Department of Obstetrics and Gynecology, The Second Hospital of Nanjing, Affiliated to Nanjing University of Chinese Medicine, Nanjing, Jiangsu, China.
Department of Microbiology and Immunology, Medical School of Southeast University, Nanjing, Jiangsu, China.
Front Immunol. 2024 Oct 10;15:1461767. doi: 10.3389/fimmu.2024.1461767. eCollection 2024.
To investigate the features of HBV-specific T cell reactivity across the pregnant, postpartum or non-pregnant women with chronic HBV infection.

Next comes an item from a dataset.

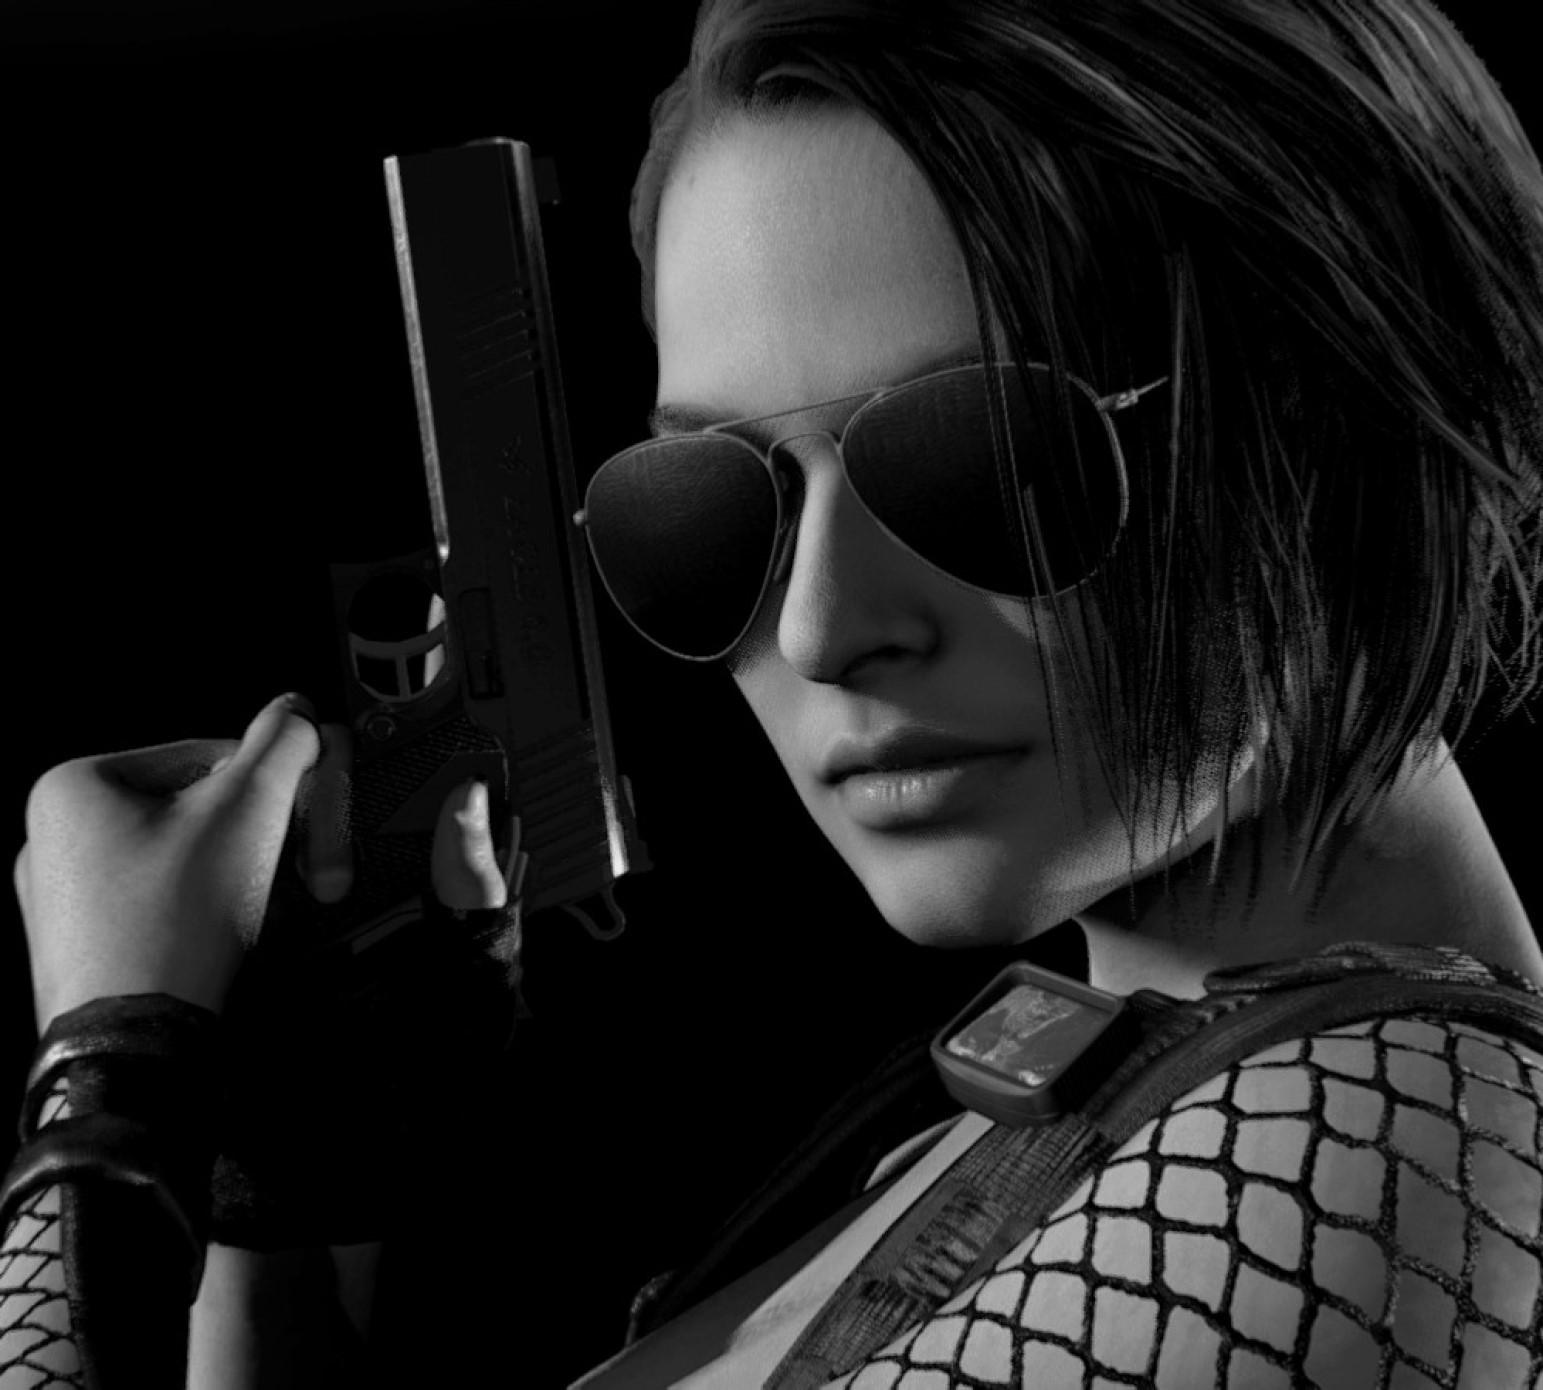 952060_screenshots_20200420205744_1.jpg - Resident Evil 3: Nemesis

A total of 283 patients with chronic HBV infection were enrolled in this study, including 129 patients during pregnancy, 58 patients during postpartum less than 6 months and 96 non-pregnant patients at childbearing age. A universal ELISpot assay was set up using a broad-spectrum T-cell epitope peptide library which containing 103 functionally validated CD8 T-cell epitopes derived from overall HBsAg, HBc/eAg, HBx and HBpol proteins and fitting to the human leukocyte antigen polymorphisms of Chinese population. Then, The functional HBV-specific T cells in peripheral blood were detected.

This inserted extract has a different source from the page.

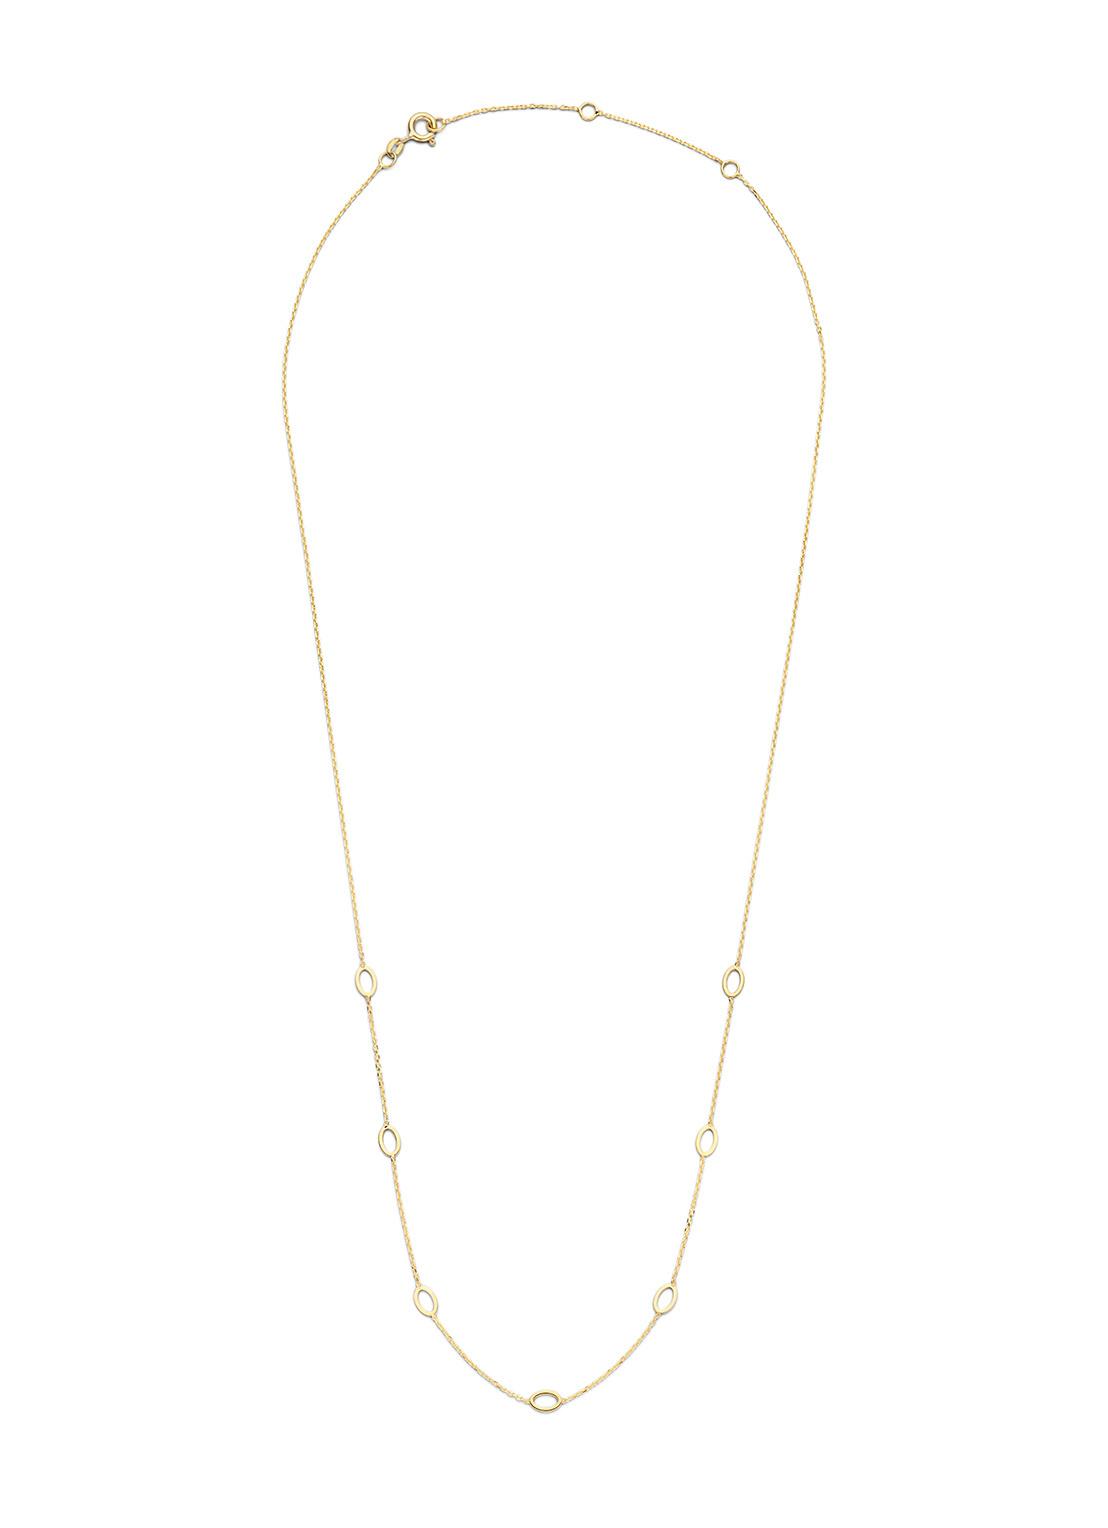 14 karaat geelgouden dames ketting - Jackie - Long Ovals Necklace-2

The spot-forming units (SFUs) of HBV-specific T cells in the pregnant group showed no statistical difference from the postpartum group, but significantly less than that in the non-pregnant group (p = 0.046). In the untreated patients, the pregnant group displayed HBe/cAg-specific T cells (SFUs) less than the non-pregnant group ( = 0.025) and the postpartum group ( = 0.045). Meanwhile, in the NUCs-treated patients, the three groups presented similar HBV-specific T cell reactivity. Furthermore, the SFUs in the NUCs-treated pregnant group were similar to that in the NUCs-untreated pregnant group. Importantly, ROC analysis demonstrated that the HBV-specific T cells (SFUs) (AUC = 0.742) and combined with HBsAg levels (AUC = 0.775) or with HBeAg level (AUC = 0.78) had a good predictive performance for hepatitis progression during pregnancy group.

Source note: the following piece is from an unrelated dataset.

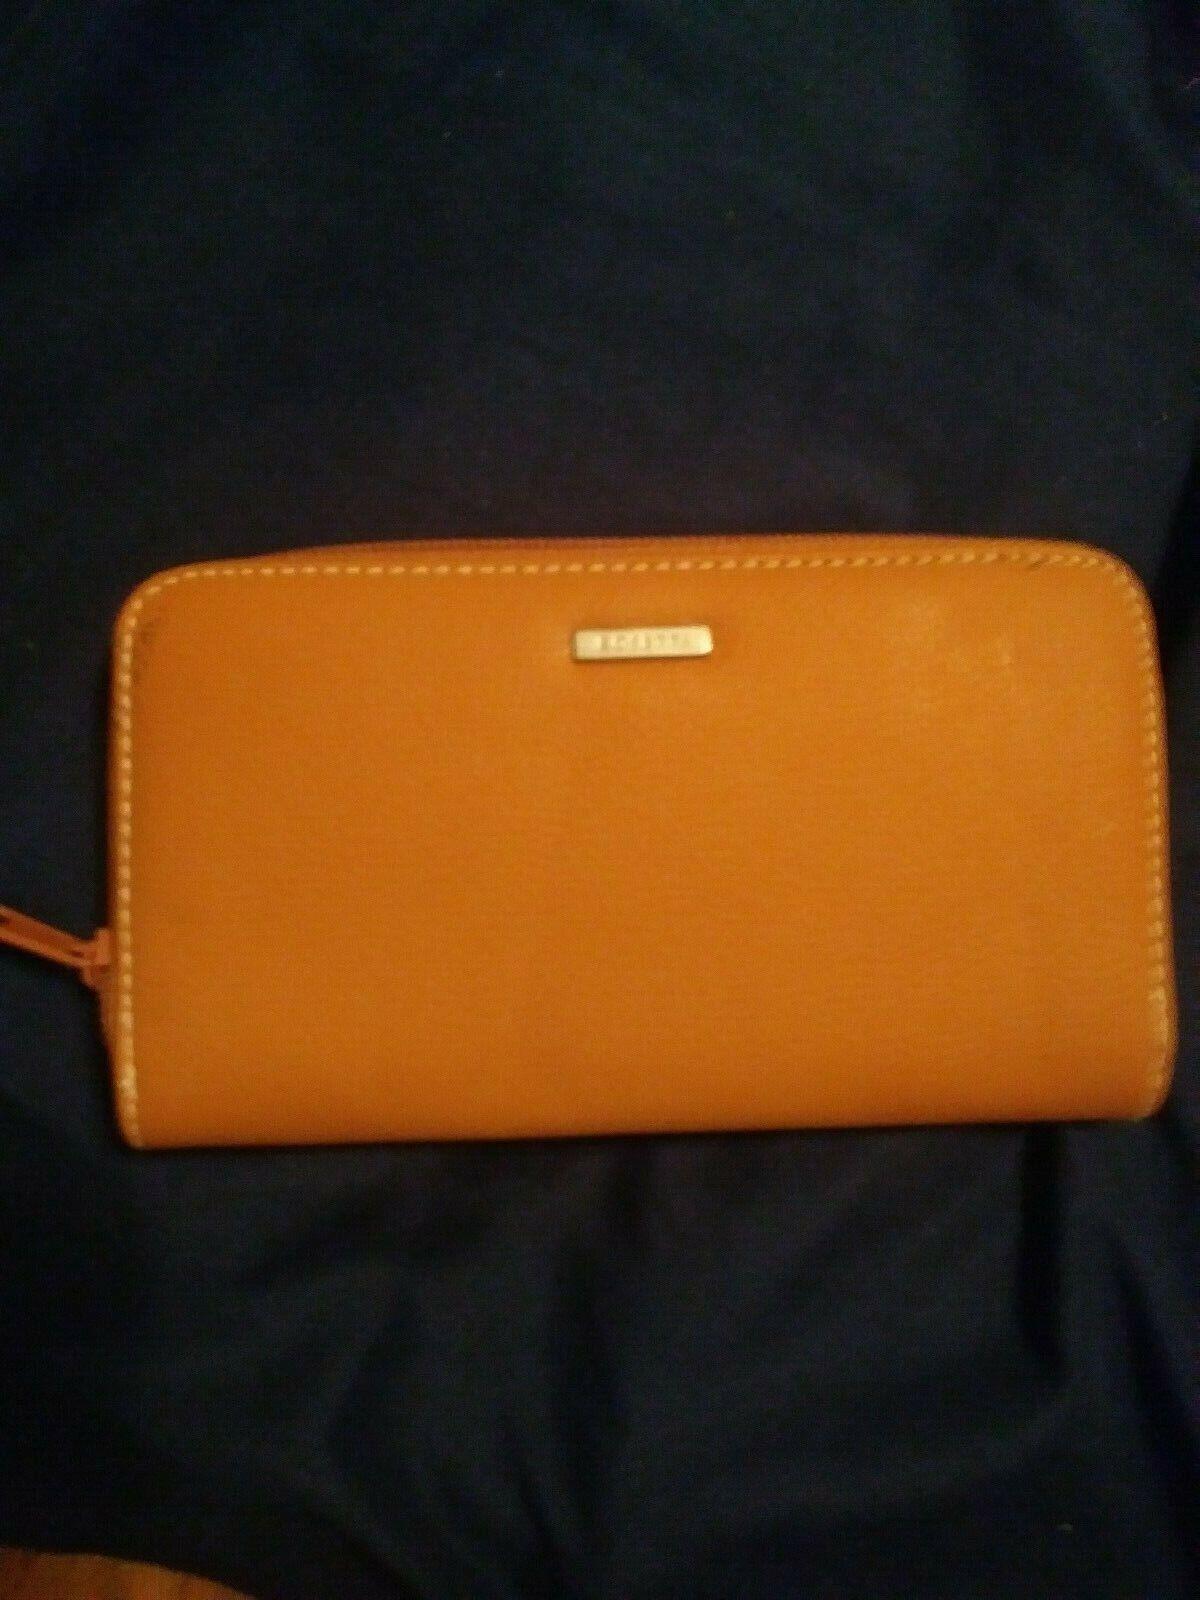 New Rosetti Wallet Many Compartments Zipper Closure Tan Color

Pregnancy can reduce HBV-specific T cell reactivity in the women with chronic HBV infection, and NUCs treatment cannot improve their HBV-specific T cells reactivity. Routine monitoring of HBV-specific T cells during pregnant and postpartum period can provide precise evaluation for immune function and valuable guidance for treatments.
研究慢性乙型肝炎病毒(HBV)感染孕妇、产后及非孕期女性的 HBV 特异性 T 细胞反应特征。
本研究共纳入 283 例慢性 HBV 感染者,包括 129 例妊娠期、58 例产后 6 个月内及 96 例育龄期非孕期患者。采用广谱 T 细胞表位肽库建立通用 ELISpot 检测,该肽库包含 103 个源自 HBsAg、HBc/eAg、HBx 和 HBpol 蛋白的功能验证的 CD8 T 细胞表位,适用于中国人群的人类白细胞抗原多态性。然后,检测外周血中的功能性 HBV 特异性 T 细胞。
与非孕期组相比,妊娠期组 HBV 特异性 T 细胞的斑点形成单位(SFU)无统计学差异,但显著低于产后组(p = 0.046)。在未治疗的患者中,与非孕期组(p = 0.025)和产后组(p = 0.045)相比,妊娠期组 HBe/cAg 特异性 T 细胞(SFU)减少。同时,在 NUCs 治疗组中,三组均表现出相似的 HBV 特异性 T 细胞反应。此外,NUCs 治疗的妊娠组的 SFU 与未治疗的妊娠组相似。重要的是,ROC 分析表明,HBV 特异性 T 细胞(SFU)(AUC = 0.742)和联合 HBsAg 水平(AUC = 0.775)或 HBeAg 水平(AUC = 0.78)对预测妊娠期间乙型肝炎进展具有良好的预测性能。
妊娠可降低慢性 HBV 感染女性的 HBV 特异性 T 细胞反应,NUCs 治疗不能改善其 HBV 特异性 T 细胞反应。在妊娠和产后期间常规监测 HBV 特异性 T 细胞可对免疫功能进行精确评估,并为治疗提供有价值的指导。